Object storage format
All objects have a statically defined type that identifies the format of the object (i.e. how it is used and how it can refer to other objects). There currently are four different types of objects: blob, tree, commit, and tag.
Regardless of the type of object, all objects have the following characteristics: they are all reset using zlib and have a header that not only determines their type, but also provides information about the size of the data in the object. It is worth noting that the SHA-1 hash, which is used to designate an object, is the hash of the original data plus this header, so the sha1sum file does not match the object's file name.
As a result, the general consistency of an object can always be checked regardless of the content or type of the object: all objects can be confirmed by checking that (a) their hashes correspond to the contents of the file and (b) the object is successfully inflated to a stream of bytes, which forms a sequence <ascii type without space> + <space> + <ascii decimal size> + <byte\0> + <binary object data> .
Structured objects can additionally have their own structure and the ability to connect to verified other objects. This is usually done using the git fsck program, which generates a complete dependency graph of all objects and checks their internal ones (in addition to simply confirming their surface consistency through a hash).

However, there is an interesting interaction that makes me think that git fsck should work more intensively and notice when there is garbage in the file at the end. If you try to run git gc in this repo, you will see an error similar to this:

 :: git gc Counting objects: 9, done. Delta compression using up to 4 threads. Compressing objects: 100% (3/3), done. error: garbage at end of loose object '45b983be36b73c0788dc9cbcb76cbb80fc7bb057' fatal: loose object 45b983be36b73c0788dc9cbcb76cbb80fc7bb057 (stored in .git/objects/45/b983be36b73c0788dc9cbcb76cbb80fc7bb057) is corrupt error: failed to run repack

It seems that if git gc cannot be started, then git fsck should catch the problem.

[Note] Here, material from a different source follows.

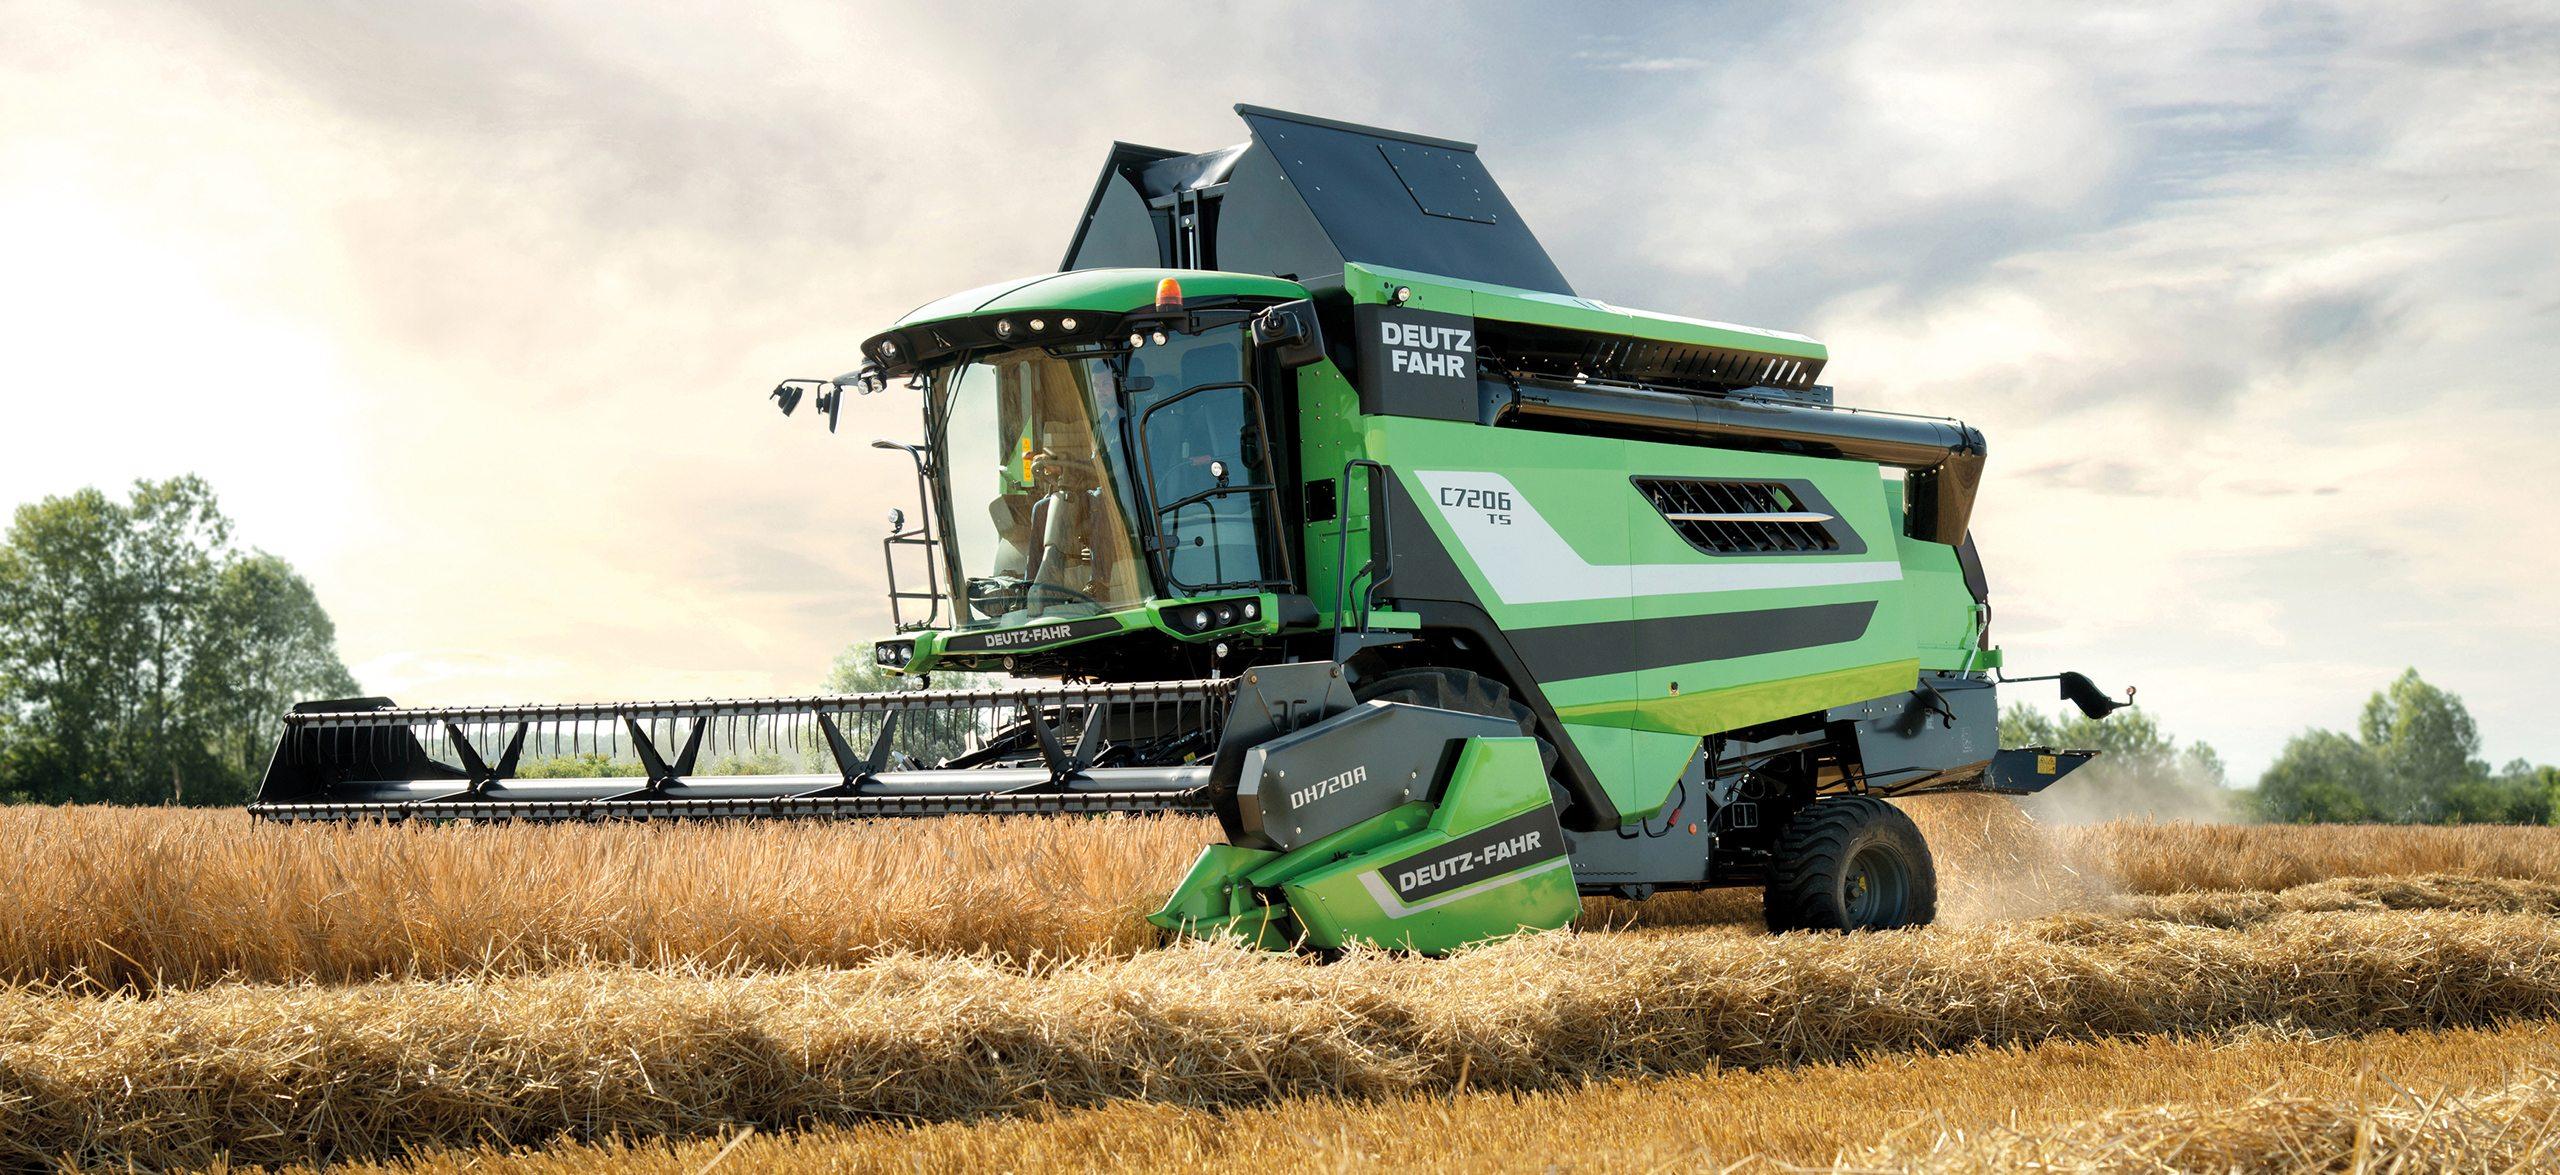 Produktiver Deutz-Fahr Mähdrescher der Serie C700 auf dem Getreidfeld

Why you do not see the "Object Check"

This problem is actually very simple: there are no packed objects to scan. Those live in .git/objects/pack . If you do not have any of these files, you will not see the “Scan Objects” bit.

Git fsck - directory check only

On the issue of corruption

Object storage format

Why you do not see the "Object Check"

" `git fsck` " now carefully scans free objects.

" `git fsck --connectivity-check` " did not work at all.

More articles:

Git fsck - directory check only

On the issue of corruption

Object storage format

Why you do not see the "Object Check"

" git fsck " now carefully scans free objects.

" git fsck --connectivity-check " did not work at all.

More articles:

" `git fsck` " now carefully scans free objects.

" `git fsck --connectivity-check` " did not work at all.